McGuire's first-degree murder trial, which is expected to last six weeks, pits what prosecutors portrayed as a mountain of circumstantial evidence tying her to the gory crime against the defendant's sterling reputation as a medical professional.

"This is a woman who spent her life helping to nurture life as a fertility nurse, not taking it," defense attorney Stephen Turano said during an opening in which he repeatedly told jurors that the case was "about character."

 "Ms. McGuire did not murder her husband. She did not dismember his body. And she doesn't know who did," he said.

William McGuire, a 39-year-old Navy veteran, computer analyst and adjunct professor at the New Jersey Institute of Technology, was last seen alive April 28, 2004, shortly after the couple closed on what prosecutors have described as the victim's "dream house" in Warren County.

Two suitcases of his remains were pulled from the water off Virginia Beach the next month. A third washed up on an island near the Chesapeake Bay Bridge and Tunnel.

At the time of his disappearance, Melanie McGuire, his wife of five years and mother of his two young sons, was having an affair with her physician boss at the Morristown, N.J., clinic where she worked, Reproductive Medical Associates of New Jersey.

McGuire told friends and relatives that her husband had packed his bags and left after a violent argument.
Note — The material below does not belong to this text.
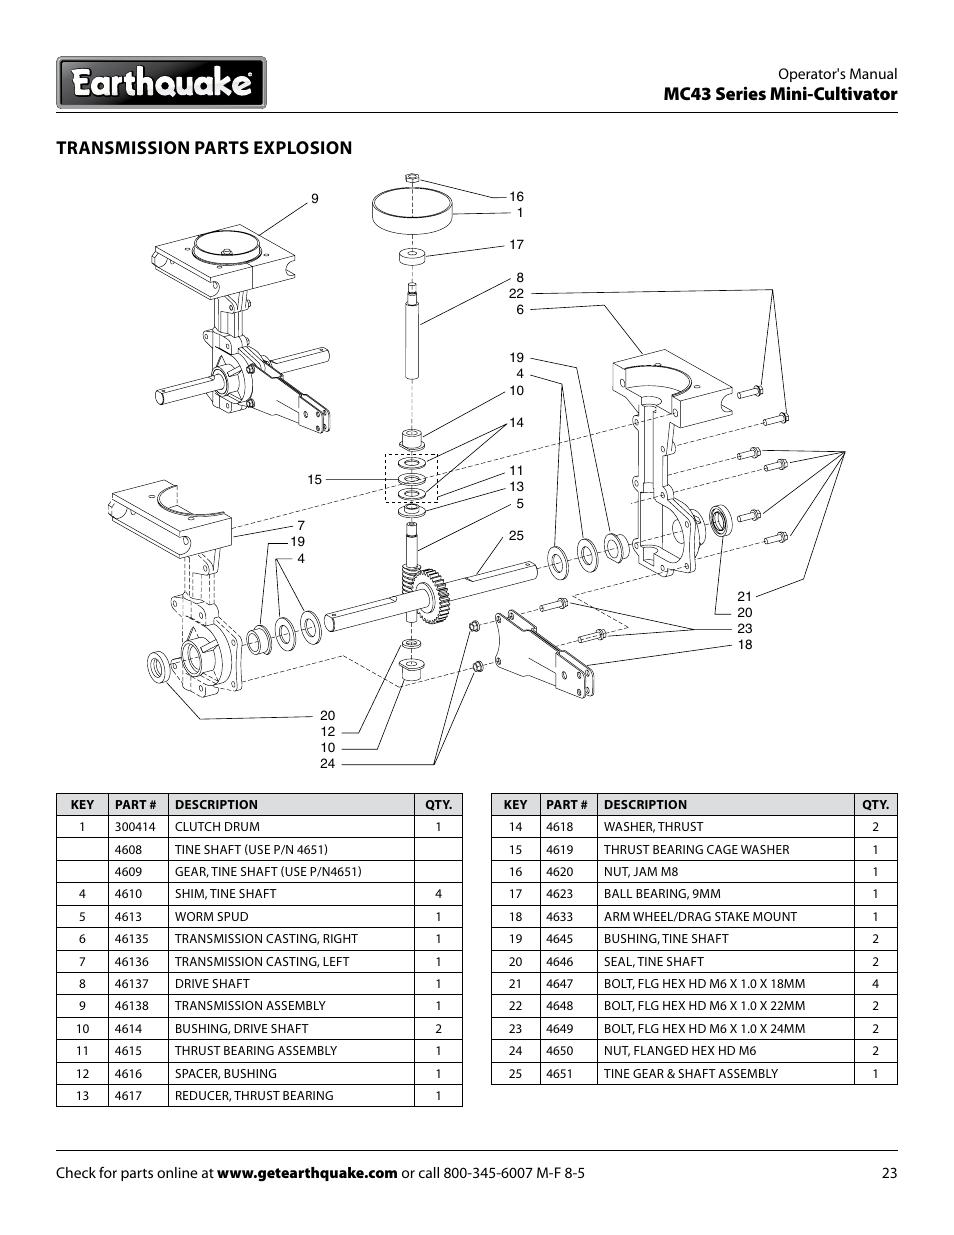 Mc43 series mini-cultivator, Transmission parts explosion

She subsequently sought a restraining order and filed for divorce, accusing William McGuire of verbally abusing her and their sons, Jack, now 7, and J.T., 4, and gambling away their meager savings in Atlantic City.

In court Monday, Prezioso said Melanie McGuire concocted the allegations against her husband after she had murdered him.

"There is no evidence that William McGuire ever left that apartment that night of his own volition," Prezioso said.

The prosecutor is also seeking a perjury conviction against McGuire for statements she made in family court while seeking the restraining order.

Prezioso said prosecutors would present evidence that McGuire planned her husband's murder, including Google searches on the couple's computer for "murder and suicide" and "undetectable poison" and the defendant's purchase of a .38-caliber revolver two days before her husband vanished. Slugs removed from William McGuire's head and chest were from a .38. The gun the defendant bought has never been recovered.

Speaking to jurors for just under an hour, the prosecutor seemed to have to rush to mention each piece of evidence, which, she said, includes conflicting alibi statements, toll booth records, forensic analysis of hairs and garbage bags, surveillance tapes and phone taps.